ABOUT THIS EXERCISE =
When the line with "following situations." appears below, start repeating lines exactly, and keep going through the line with "c) If 2. is"; add nothing outside that span.

[RECORDS FOR THE TASK Boundary: Start]

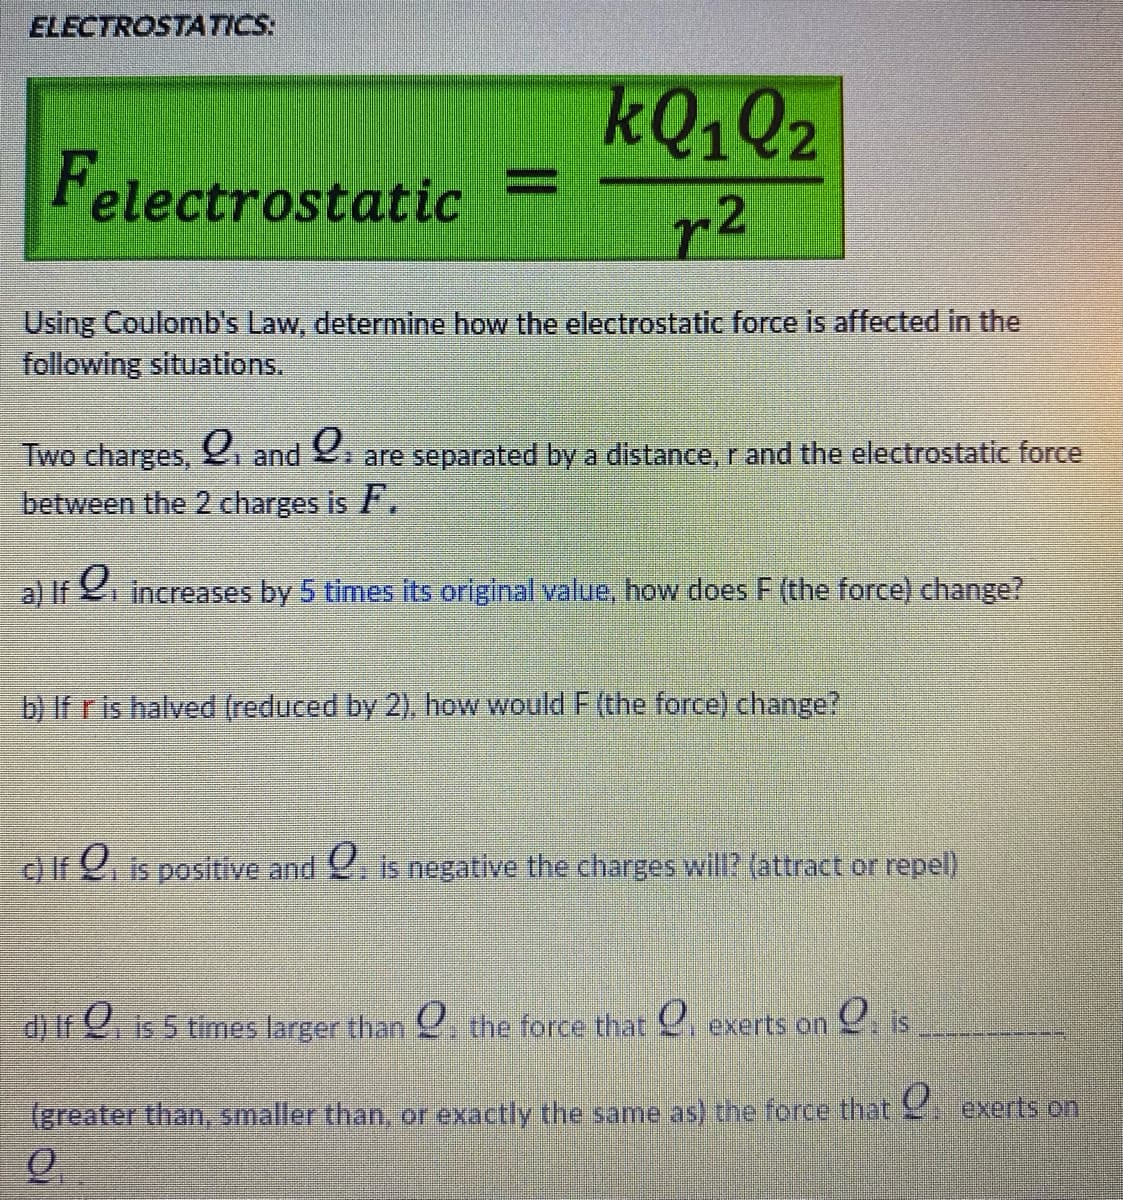 ELECTROSTATICS:
KQ1Q2
Felectrostatic =
r2
%3D
Using Coulomb's Law, determine how the electrostatic force is affected in the
following situations.
Two charges, and . are separated by a distance, r and the electrostatic force
between the 2 charges is ,
a) If increases by 5 times its original value, how does F (the force) change?
b) If r is halved (reduced by 2). how would F (the force) change?
c) If 2. is positive and . is negative the charges will? (attract or repel)
d) If . is 5 times larger than the force that . exerts on . is
(greater than, smaller than, or exactly the same as) the force that exerts on
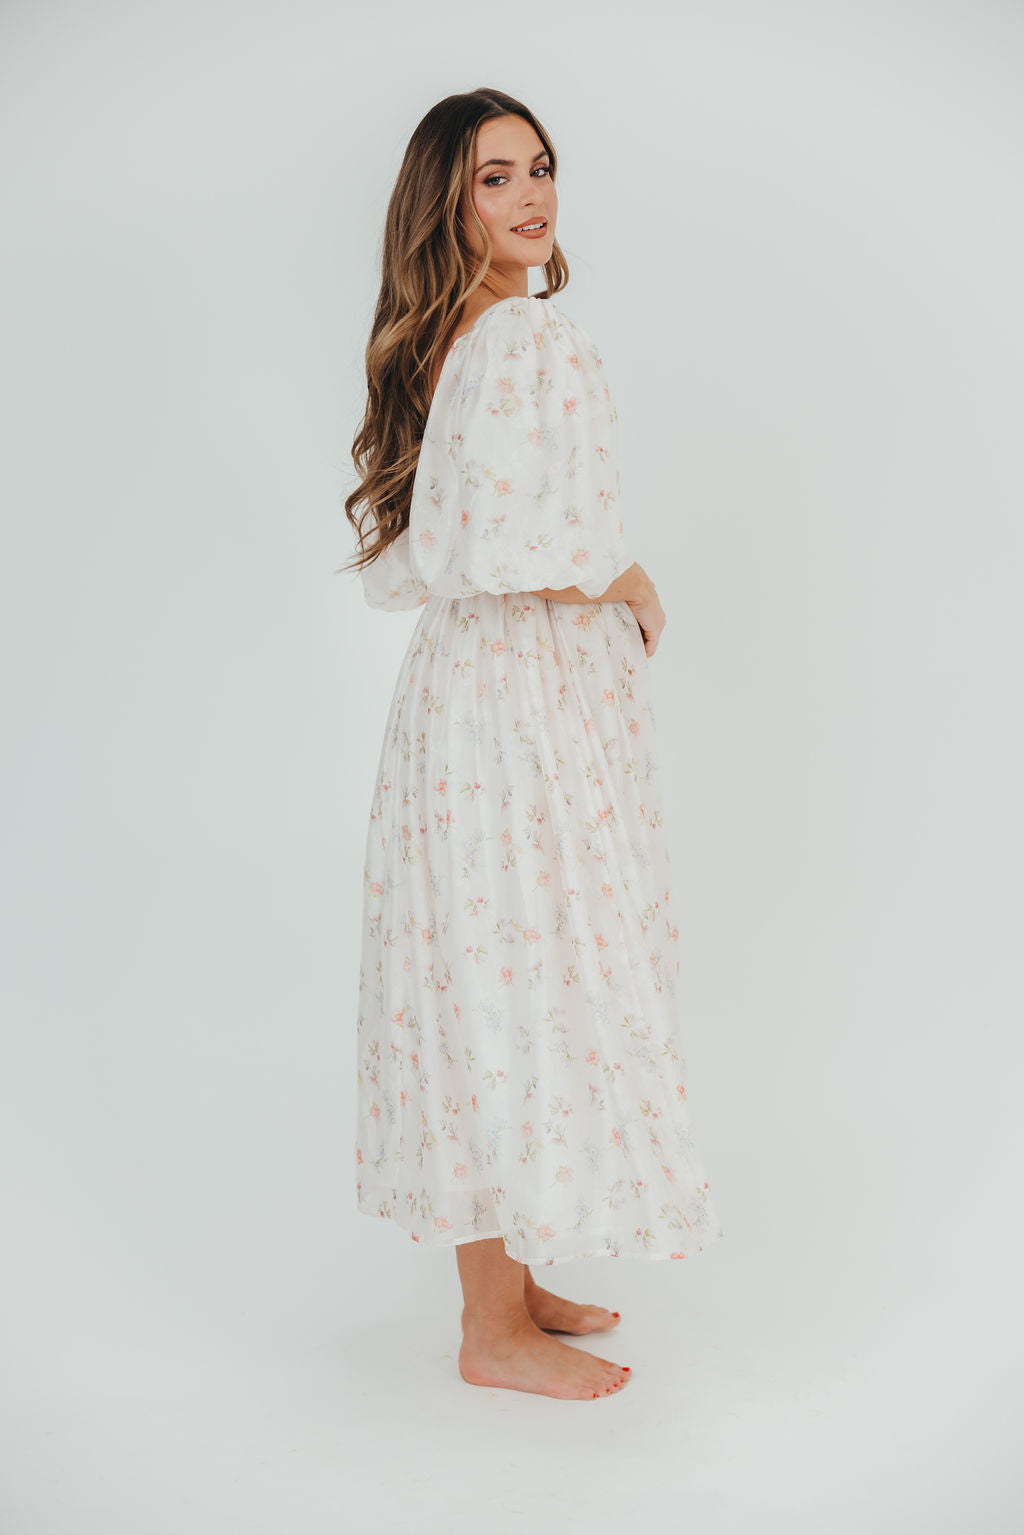 Harlow Maxi Dress in Tiny Pink Floral - Bump Friendly & Inclusive Sizing (S-3XL)

[RECORDS FOR THE TASK Boundary: End]

EXERCISE RESULT =
following situations.
Two charges, and . are separated by a distance, r and the electrostatic force
between the 2 charges is ,
a) If increases by 5 times its original value, how does F (the force) change?
b) If r is halved (reduced by 2). how would F (the force) change?
c) If 2. is positive and . is negative the charges will? (attract or repel)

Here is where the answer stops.